- Recorded information:
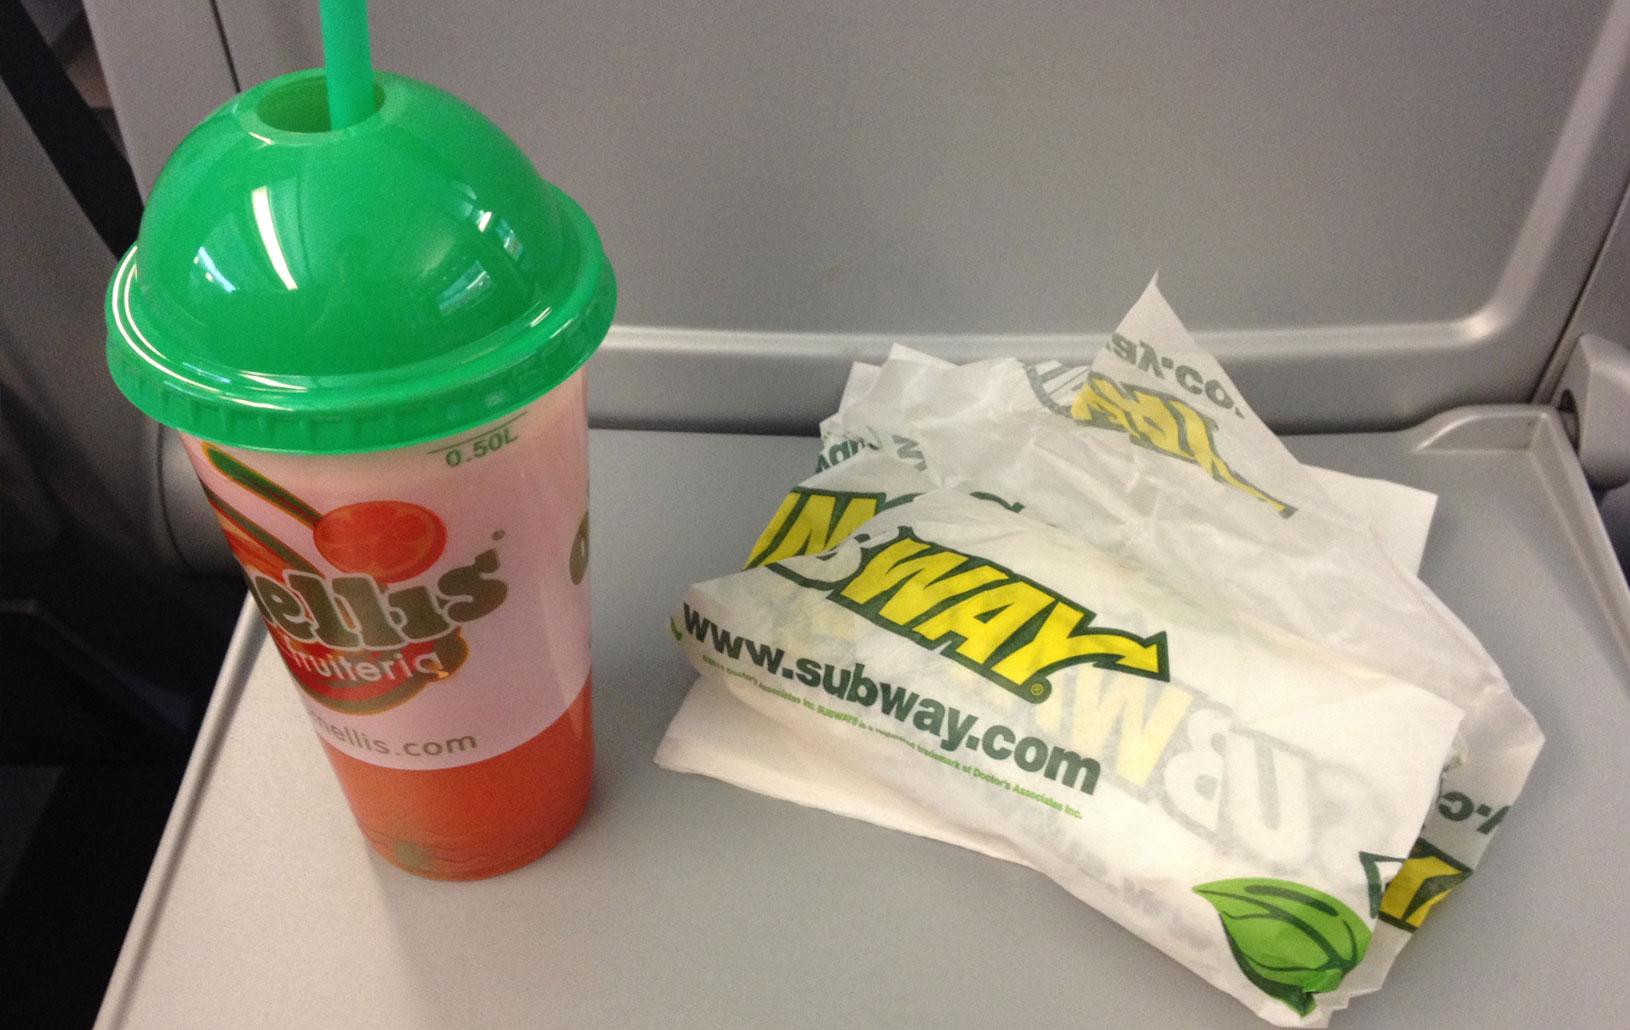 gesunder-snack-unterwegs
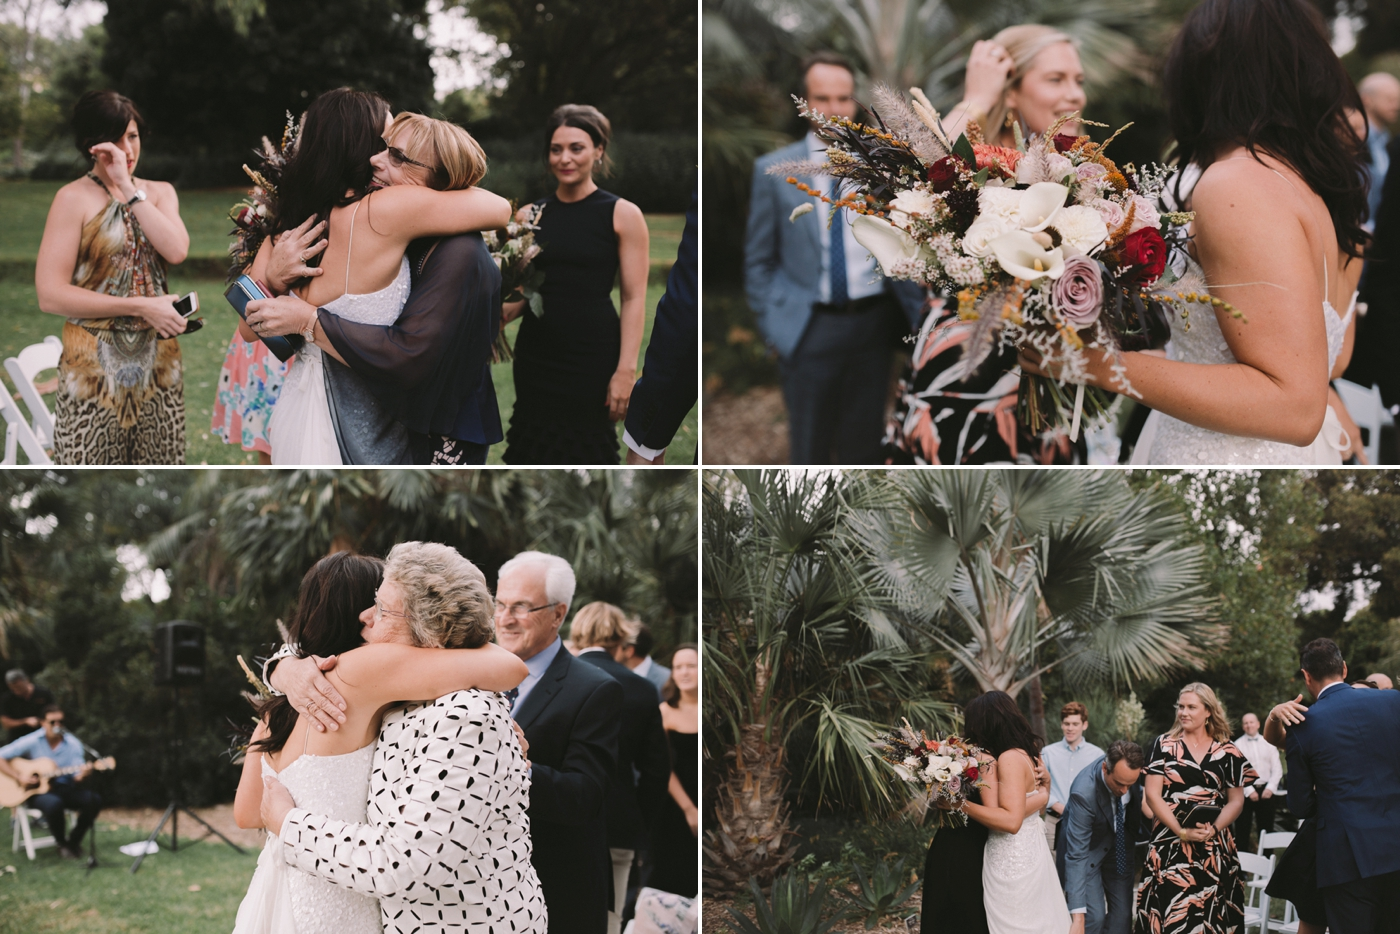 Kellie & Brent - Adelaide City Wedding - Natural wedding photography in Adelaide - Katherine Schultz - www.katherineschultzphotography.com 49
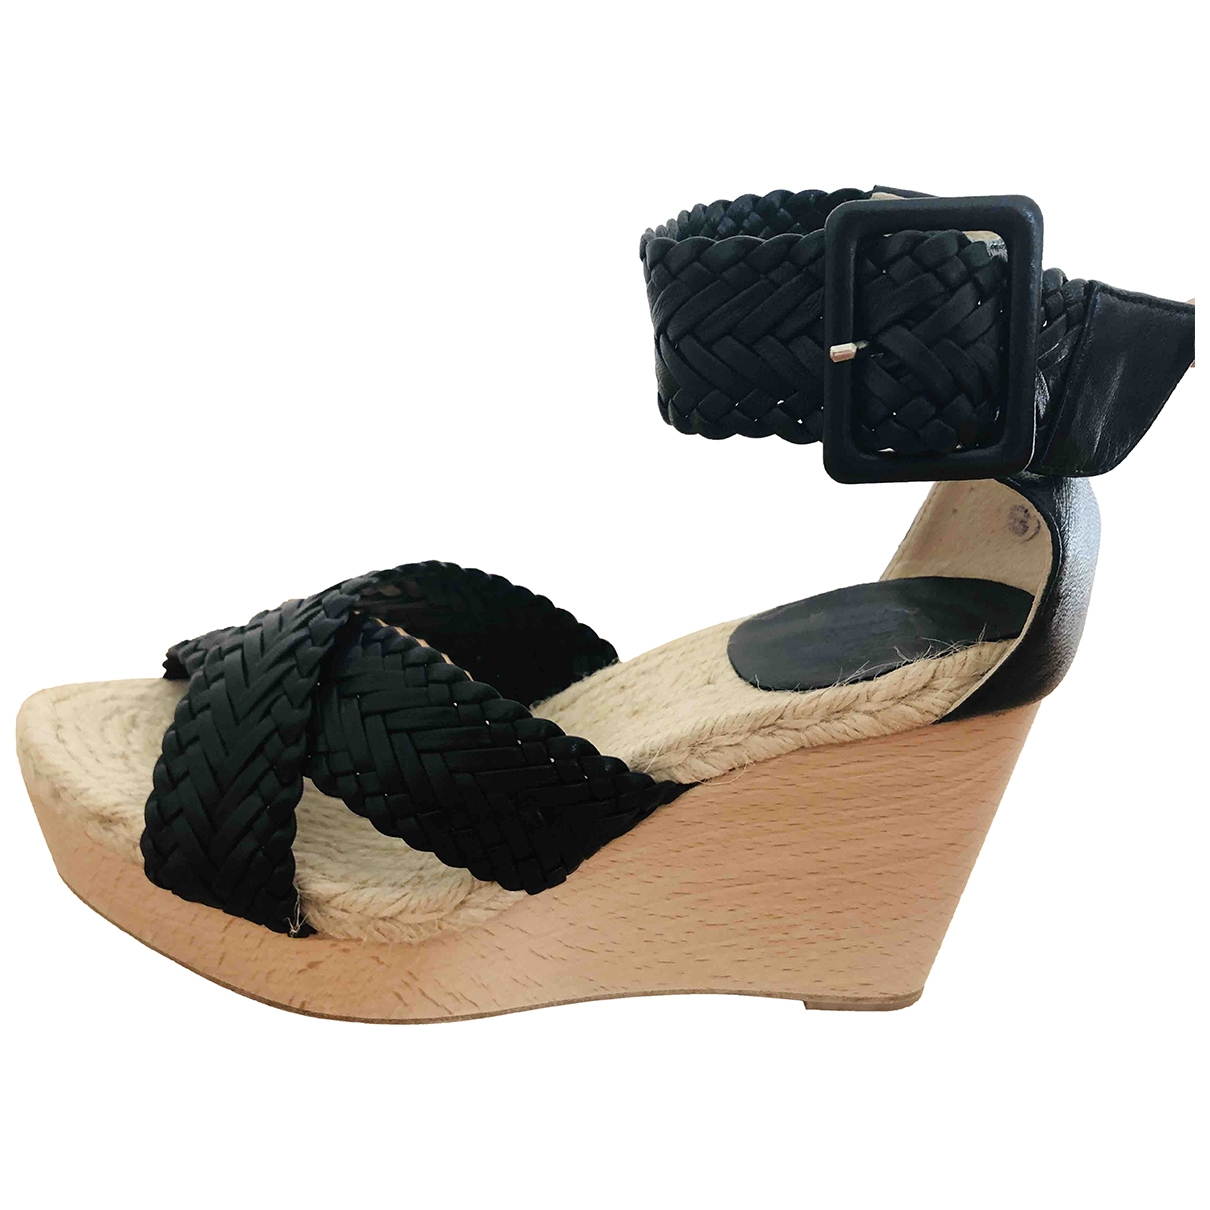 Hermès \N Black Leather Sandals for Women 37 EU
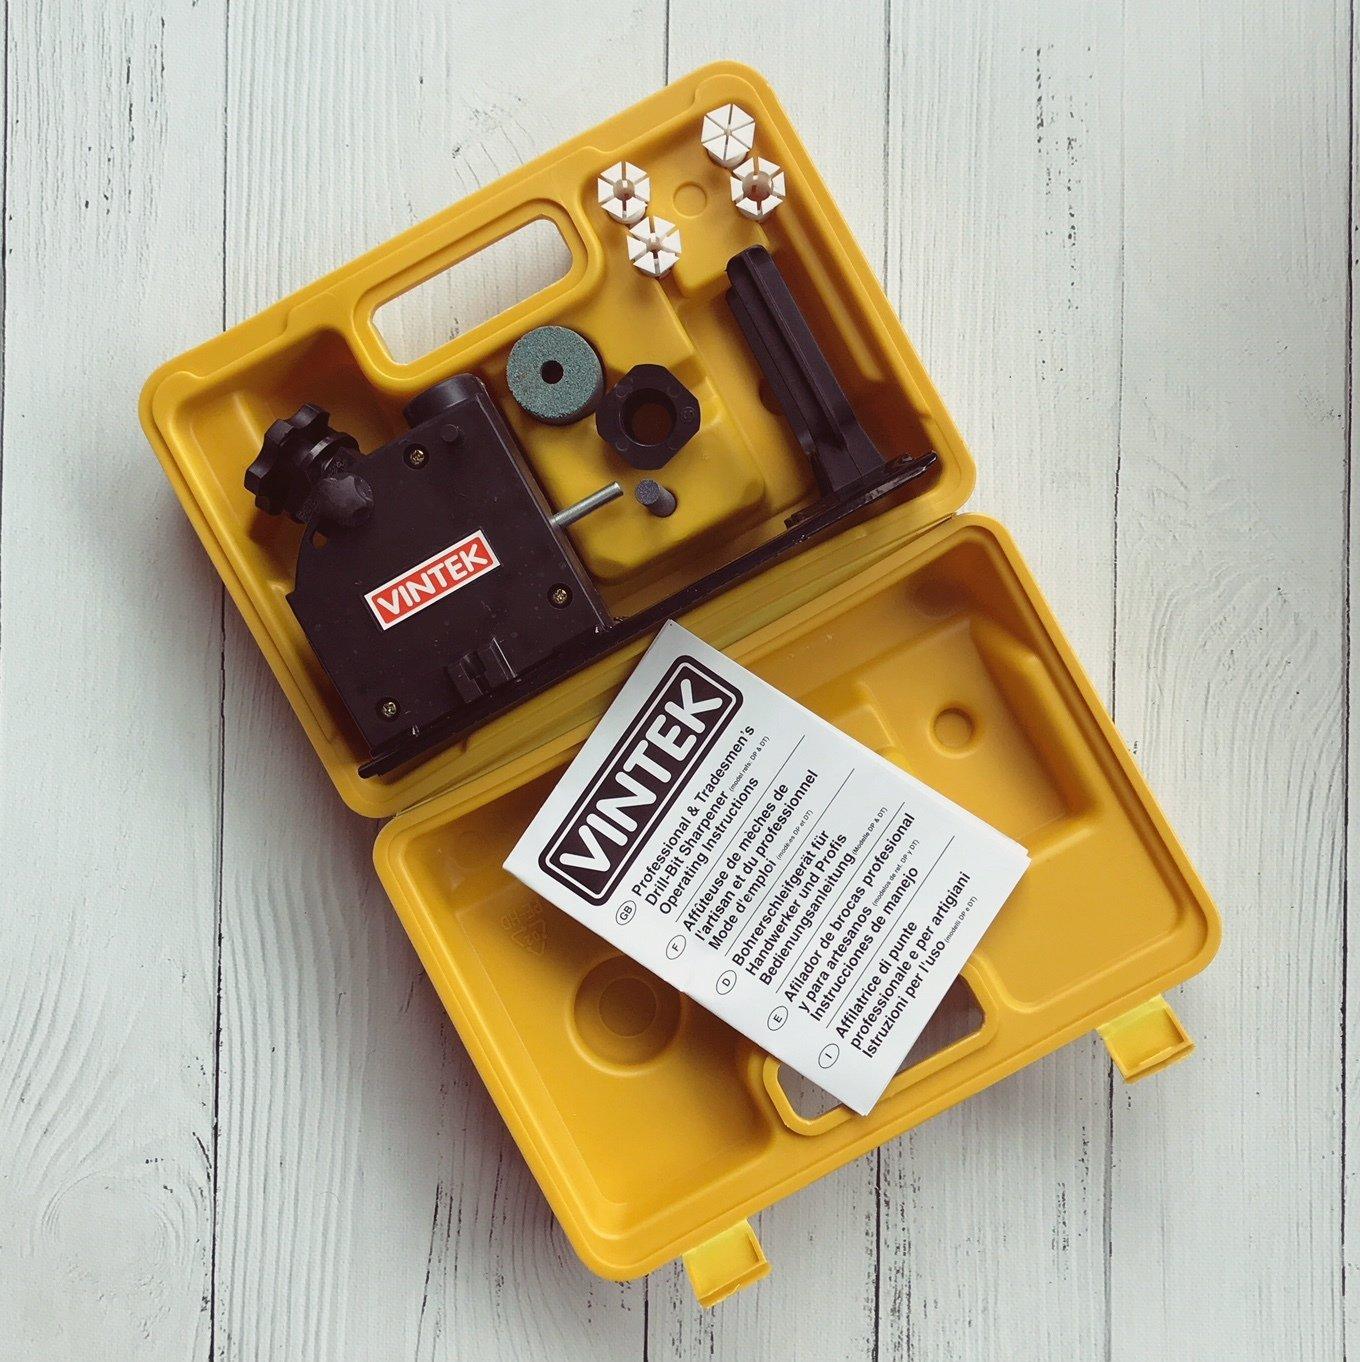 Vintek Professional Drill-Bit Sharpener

- What you will do: Write out the whole listing exactly, and drop the pictures.

- Result:
 gesunder-snack-unterwegs
 Kellie & Brent - Adelaide City Wedding - Natural wedding photography in Adelaide - Katherine Schultz - www.katherineschultzphotography.com 49
 Hermès \N Black Leather Sandals for Women 37 EU
 Vintek Professional Drill-Bit Sharpener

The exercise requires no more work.